La política de la esperanza

Últimamente hablo con muchos amigos de política. En realidad, siempre lo he hecho, tengo la suerte o la desgracia de que mis amigos son bastante aficionados a charlar sobre el único saber humano al que se puede dedicar el que no sabe.

Pues bien, el otro día hablé con uno de ellos de un tema que me inspiró para realizar esta reflexión. Mi colega, siempre tan analítico, experto en desglosar la realidad, mucho más frío que yo y por tanto más acertado probablemente en sus juicios, puso palabras a una sensación que desde hacía tiempo venía yo barruntando y que no había sido capaz de expresar, al menos no con tanta precisión como él: el problema histórico de la política española, de los diferentes gobiernos que ha habido, de las distintas formaciones que han tenido responsabilidad en la gestión de los asuntos públicos, de los hombres y mujeres que las han integrado, es su despreocupación e incluso me atrevería a decir que desprecio hacia la política de la esperanza.

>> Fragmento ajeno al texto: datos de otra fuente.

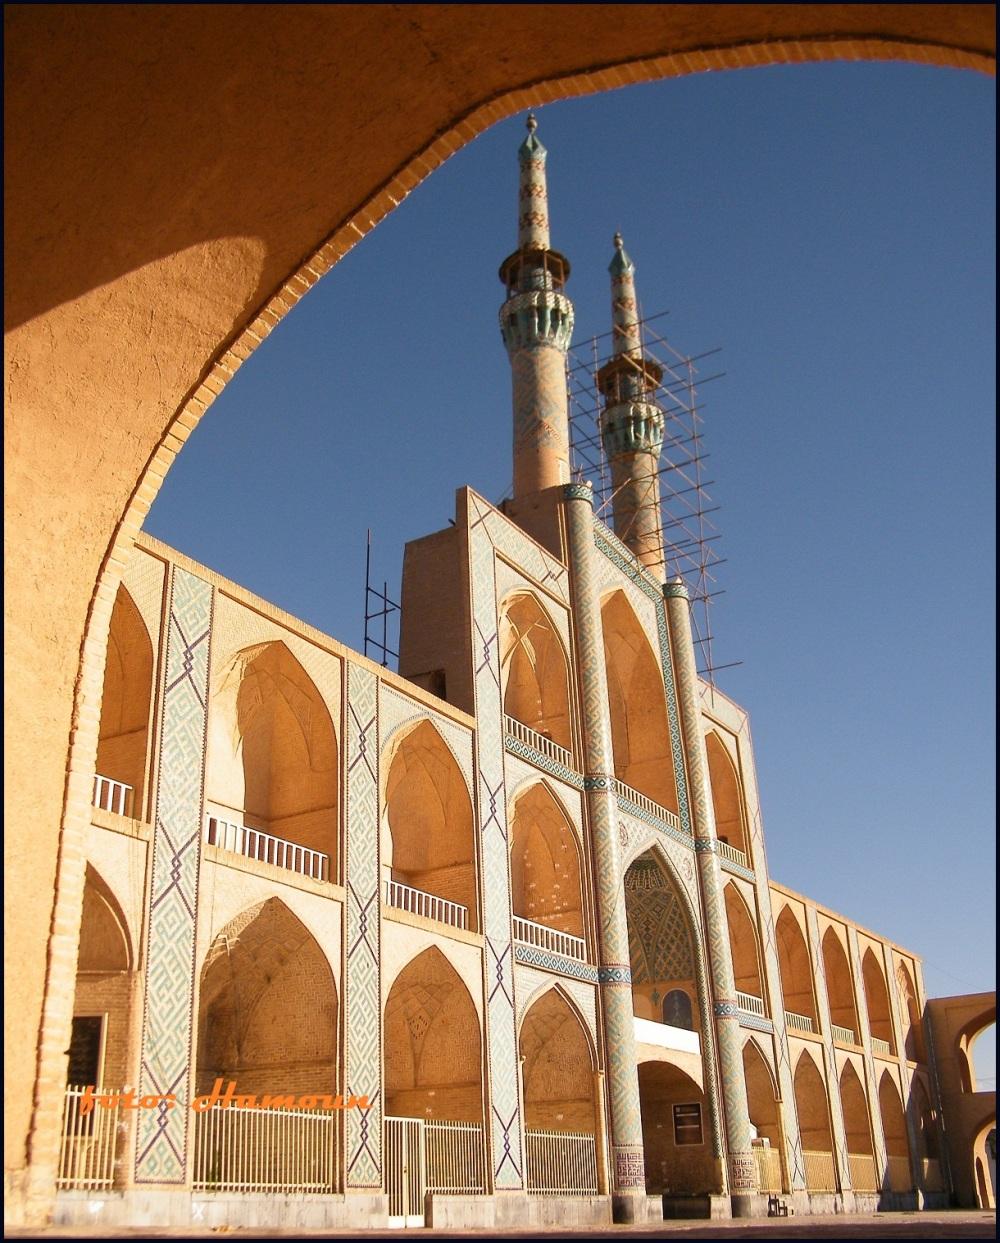 میدان امیر چخماق - یزد - ایران

¿Qué es este concepto? Fácil decirlo, tal vez algo más complicado expresarlo y extremadamente complicado manejarlo. El mayor mal que asola a España desde que yo tengo uso de razón, y agravado desde la mal llamada crisis, es la desesperanza, la falta de fe en el futuro. Hay millones de españoles, ahora tal vez el doble que hace cinco años y el triple que hace diez o quince, pero en cualquier caso ya entonces eran millones, que no tienen ninguna expectativa de progreso en este país. Su único objetivo vital es sobrevivir, no morirse de hambre y su única aspiración se reduce a conseguir un trabajo precario que les permita llegar penosamente a fin de mes, trampeando por aquí y por allá, pidiendo ocasionalmente ayuda y cruzando los dedos para que el delgado hilo que en España separa las dificultades económicas de la miseria no se rompa.

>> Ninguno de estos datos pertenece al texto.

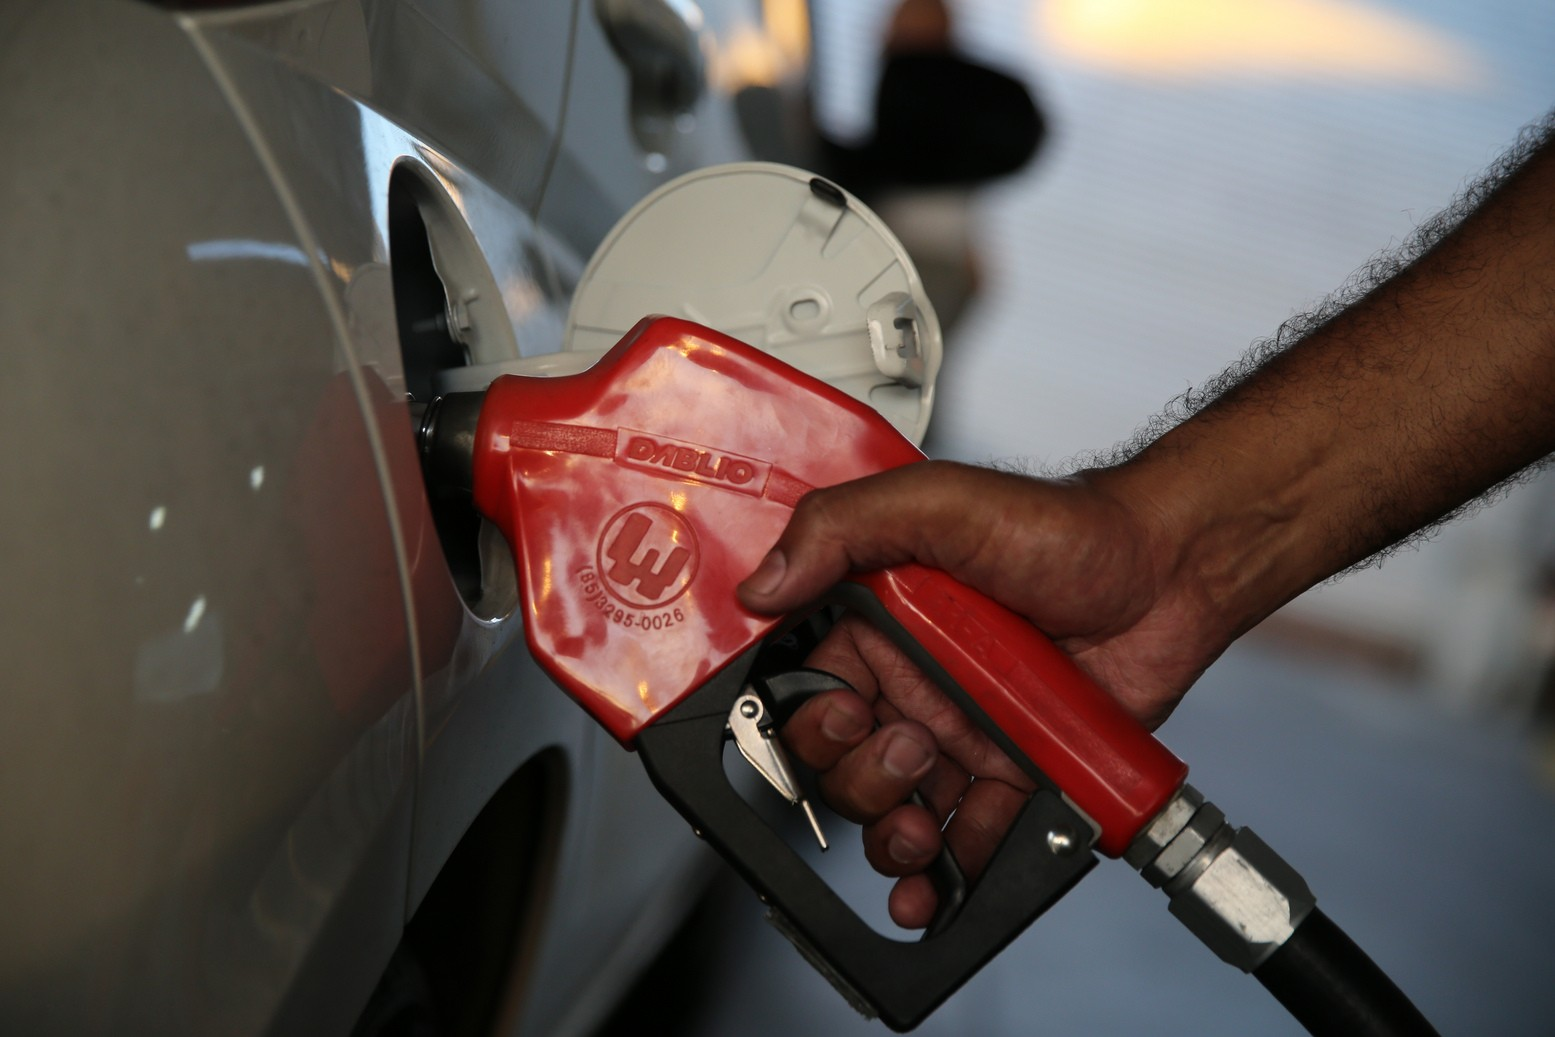 Preço da gasolina cai e chega a R$ 4,279 em João Pessoa, diz Procon - Notícias - Plantão Diário

En efecto, en este país hay un número de personas, indeterminado pero muy grande, que viven cada día con la resignación de saber que nunca podrán vivir con tranquilidad económica, que jamás podrán trabajar en aquello para lo que se formaron o que les produce satisfacción; estoicamente asumidas sus expectativas derrotadas y aun así dando gracias de que esa desazón y decepción vital no se convierta en el drama de otro número indeterminado de españoles –también muy alto– que viven y vivirán en la exclusión social, en la pobreza más rotunda.

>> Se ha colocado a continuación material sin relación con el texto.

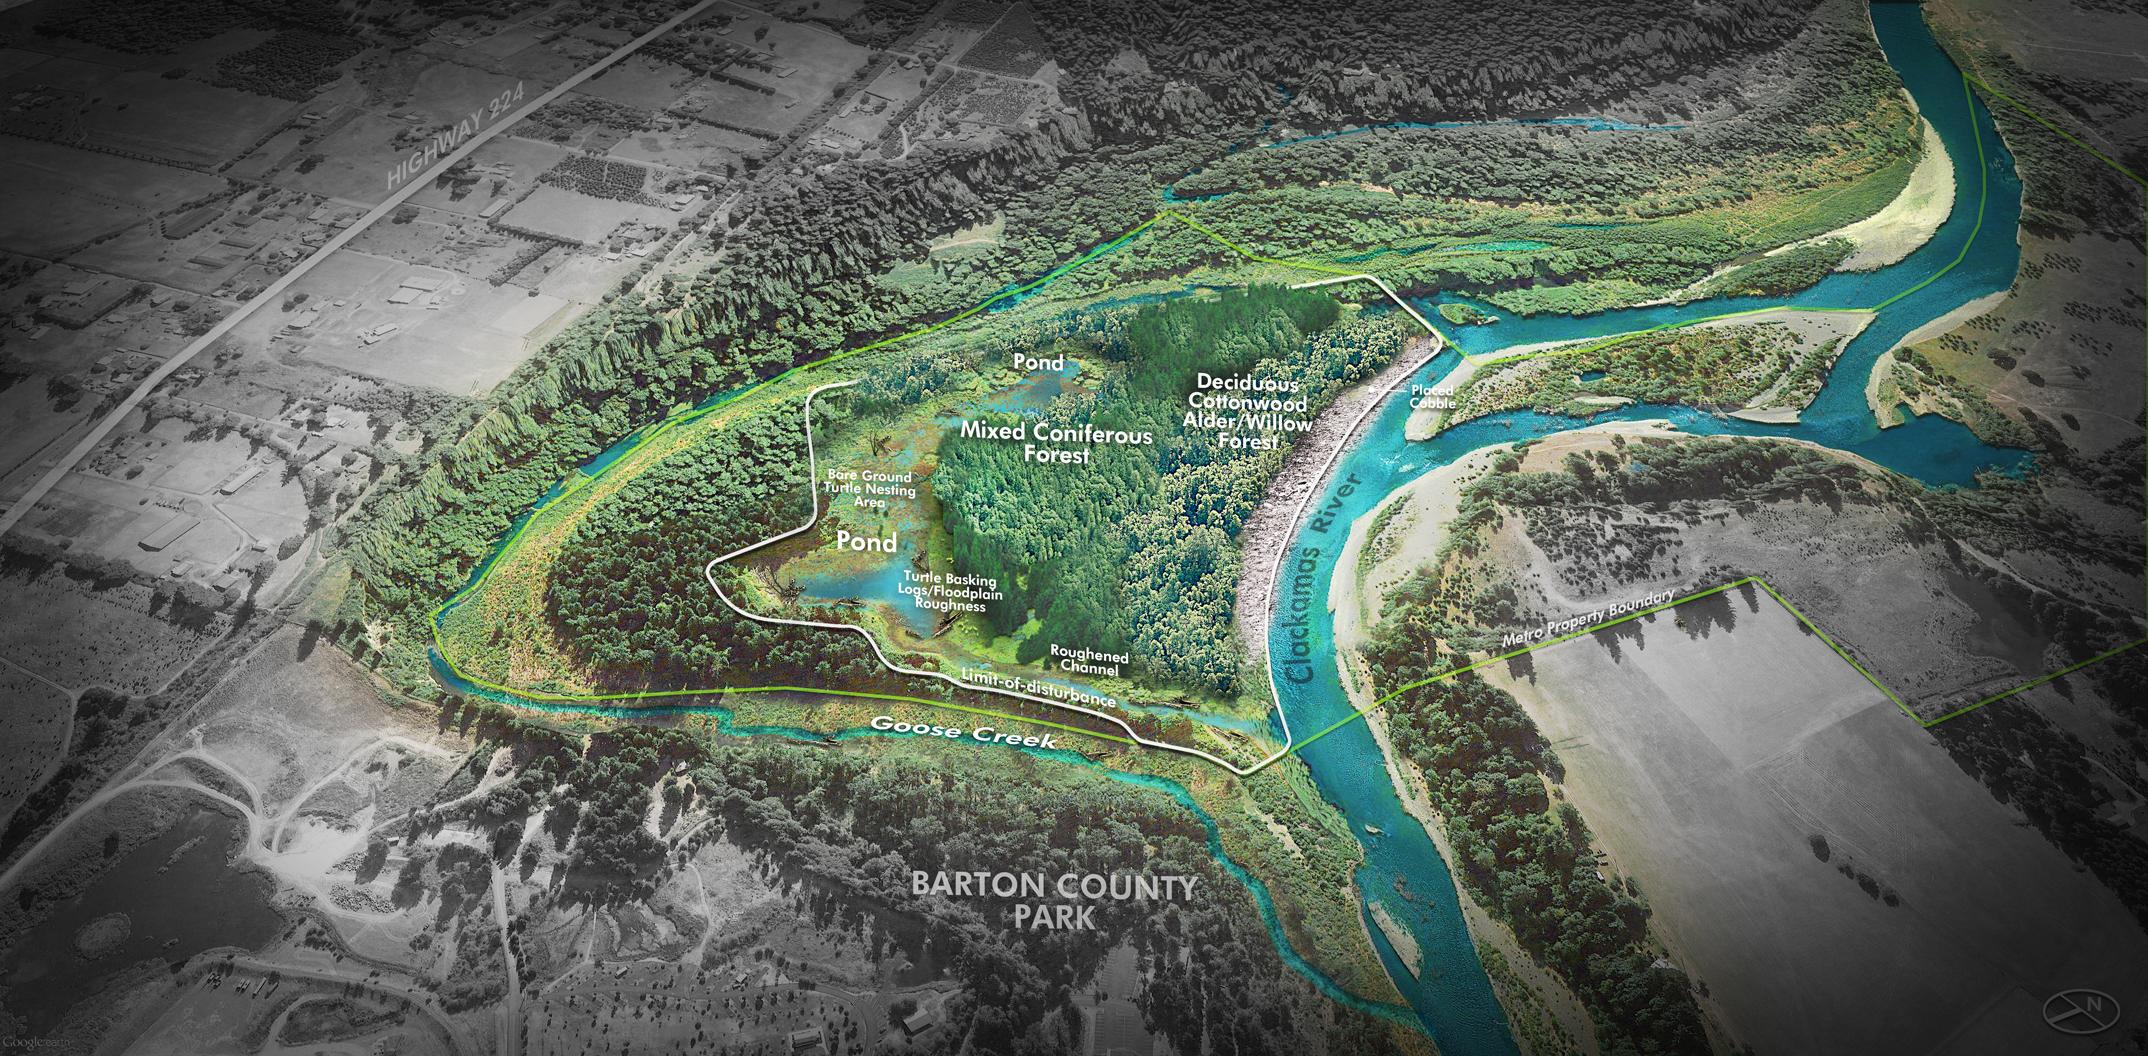 River Island Restoration Project, ACEC Oregon, Honor Award, 2018

Albert Rivera y Pablo Iglesias. (Imagen: elsingular.cat).

 

Después de este diagnóstico, en el que coincidíamos plenamente mi amigo y yo, nos planteamos la cuestión de si algo estaba cambiando en los últimos tiempos. Si las recientes formaciones políticas de una vez por todas estaban hablando de gestionar esa esperanza perdida, de devolver la fe a los españoles. Ahí es donde diferimos. Él, como mucho otros, sostiene que sí. Aunque es muy fan de Albert Rivera, líder de Ciudadanos, reconoce que Podemos también le ha generado esa sensación de que hay motivos para creer. Considera que estas nuevas formaciones no proceden del entramado político de las élites, sino de la realidad cotidiana, del mundo en el que vivimos los mortales. El ejemplo que suele usar mi amigo es el de que tanto Pablo Iglesias como Albert Rivera (que son los dos nuevos actores políticos con mayor tirón) todavía saben lo que es pedirse una caña en un bar y pagarla. Tiene razón. Es absolutamente básico que la diferencia entre los viejos políticos y los nuevos estribe en ese aspecto. No puede gestionar la vida de los ciudadanos quien la desconoce por su falta de contacto desde hace años (o desde siempre) con la misma, cosa que ha sucedido con la inmensa mayoría de los políticos que han ostentado cargos públicos en España.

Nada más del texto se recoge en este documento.